Cheese is the main attraction, and part of the fun is the thought put into the selection  -- the flavors and story behind each cheese become a topic of conversation. The selections should vary in the type of milk, age, and texture, as well as in shape and color. Try to make the platter visually appealing and diverse in flavor. I typically switch it up between creamy, semi-hard/hard, and aged and include no more than one goat or blue cheese. For shape, I like to have a wedge or two, a round, a single-wheel cheese, and a pyramid. If using multiple wedges, cut them in different sizes.

Photography by: Bryan Gardner

Creme de la Creme Cheeses


Goat Cheese

Bucheron is my go-to for nice goat cheese. The cheese is sliced into oval rounds with a delicious creamline around the ash. I also love creamy ash-ripened goat cheeses like Humboldt Fog, which has a striking blue line of ash running through the center of the wedge, and Many Fold Farm Condor’s Ruin, which is shaped like a pyramid. Both are standouts on the board in terms of appearance. Another interesting goat cheese is Rivers Edge Up in Smoke, which is smoked over alder and hickory chips and wrapped in smoked maple leaves -- I love this one for fall or winter platters.
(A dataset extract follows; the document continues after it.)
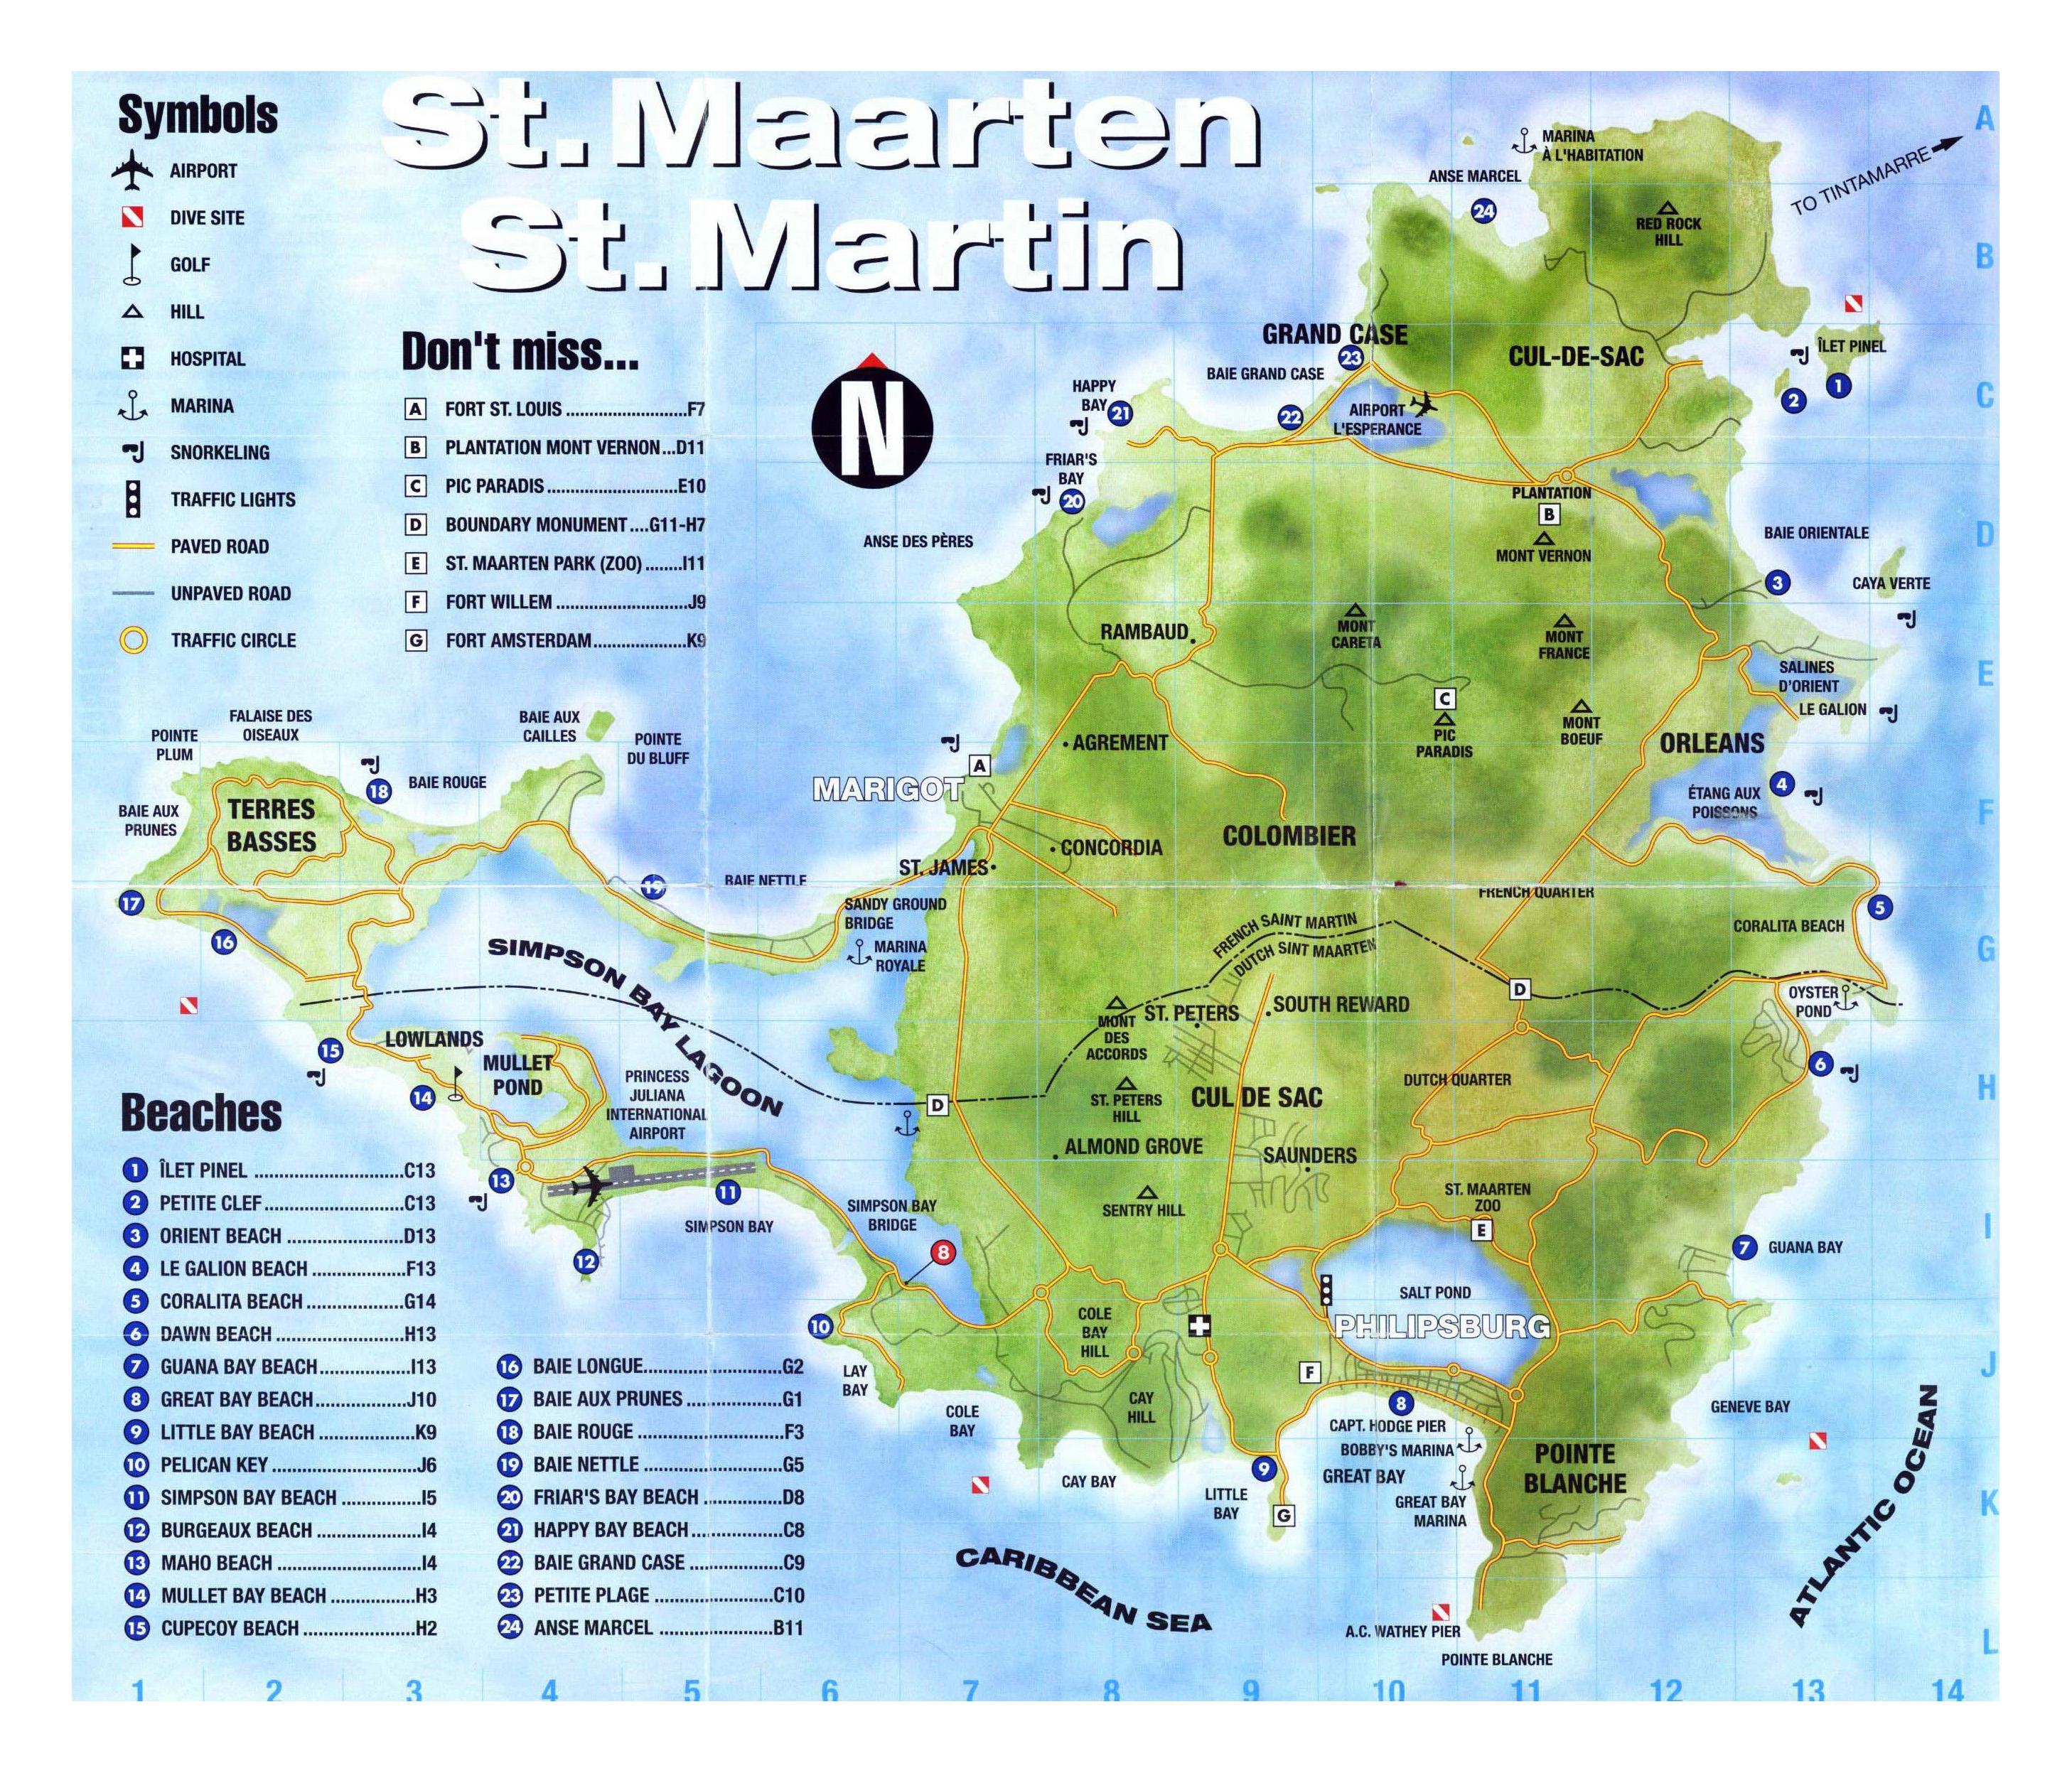 Large detailed tourist map of Sint Maarten, Saint Martin ... on aruba map, st. maarten road map, anguilla map, portugal map, guana bay map, bahamas map, st. maarten cruise port map, barbados map, satawal island map, virgin islands map, st. maarten resort map, simpson bay map, caribbean map, st maarten water taxi map, charlotte amalie map, cayman islands map, saint eustatius map, bvi map, canada map, saint lucia location map,

Blue cheese has its place on every cheese platter, but due to its pungency, it’s rarely the most popular among guests, so I typically only put one out. My favorite blues are Bayley Hazen Blue, which has a lovely creamy balance to it, or Rogue Creamery Smokey Blue, which is crumblier and cold-smoked over hazelnut shells.
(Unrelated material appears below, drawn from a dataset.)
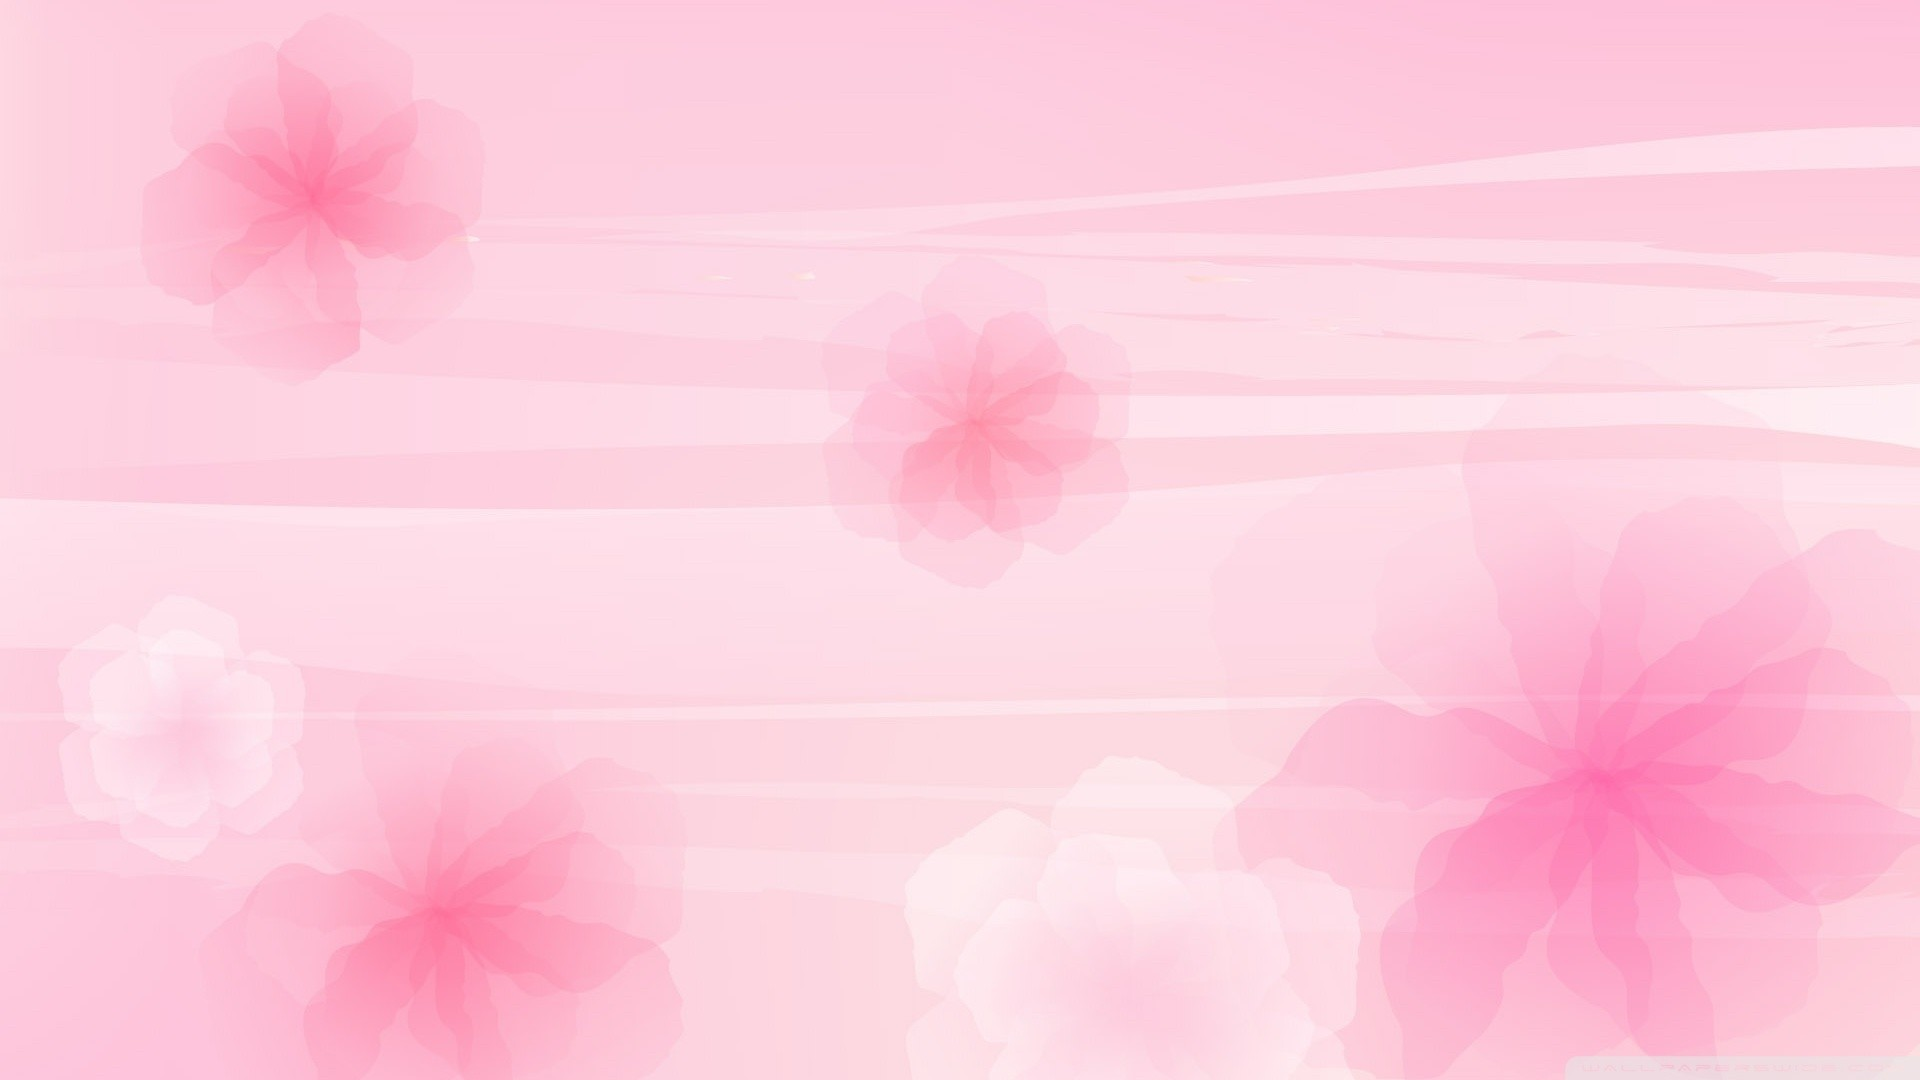 Pink Flower Background 47 Images

Triple creme cheese is one of my favorites, so I usually have one of these on the board, like Brillat Savarin, which is a super creamy cow’s milk cheese, or Nettle Meadow Kunik, which is a single wheel made from goat’s milk. For a creamy cheese with a bit of a bite, I pick out a nice Taleggio or go with Jasper Hill Creamery’s Harbison cheese, which is so creamy that it’s basically a dip. To eat the Harbison, slice off the top of the cheese and dip away.



I usually go for aged cheddar in this category. Two of my favorites are Cabot Clothbound Cheddar and Tickler Cheddar. I love the sophisticated flavor and crystallized texture. Manchego cheese, which is made from sheep’s milk, also makes a delicious addition.

Photography by: Aaron Dyer

Must-Have Accompaniments

Serve a few vehicles for the cheese, including one bread -- a baguette or olive bread is ideal --  and a couple types of crackers. These homemade Pistachio-Raisin Crisps are my absolute favorite. If I don’t have time to make my own, I pick up Jan’s Farmhouse Crisps and, because I like to include a gluten-free option these days, Mary’s Gone Crackers or simple rice crackers. Cured meats like prosciutto or jamon serrano are also a must. Dried sausages are great (I like the ones from Olli) too -- I serve a couple whole so that they look pretty on the platter and slice up the rest to make it easy for people snack on.


Fresh seasonal fruit, such as ripe pears, figs (I also love dried Turkish figs), kumquats, and grapes, are also a good idea, as they complement the salty cheese. Add some Marcona almonds or nuts, as it’s nice to have some crunch on the platter. Something pickled like Castelvetrano olives or cornichons are perfect for balancing the richness of the cheese. For an easy upgrade, mix your olives with citrus zest, fresh woody herbs like thyme or rosemary, a bay leaf, a chile, and lots of olive oil, and let it sit overnight. Finally, add a sweet component like fig jam, guava paste, or honey. A little wedge of honeycomb always helps the appearance of the platter.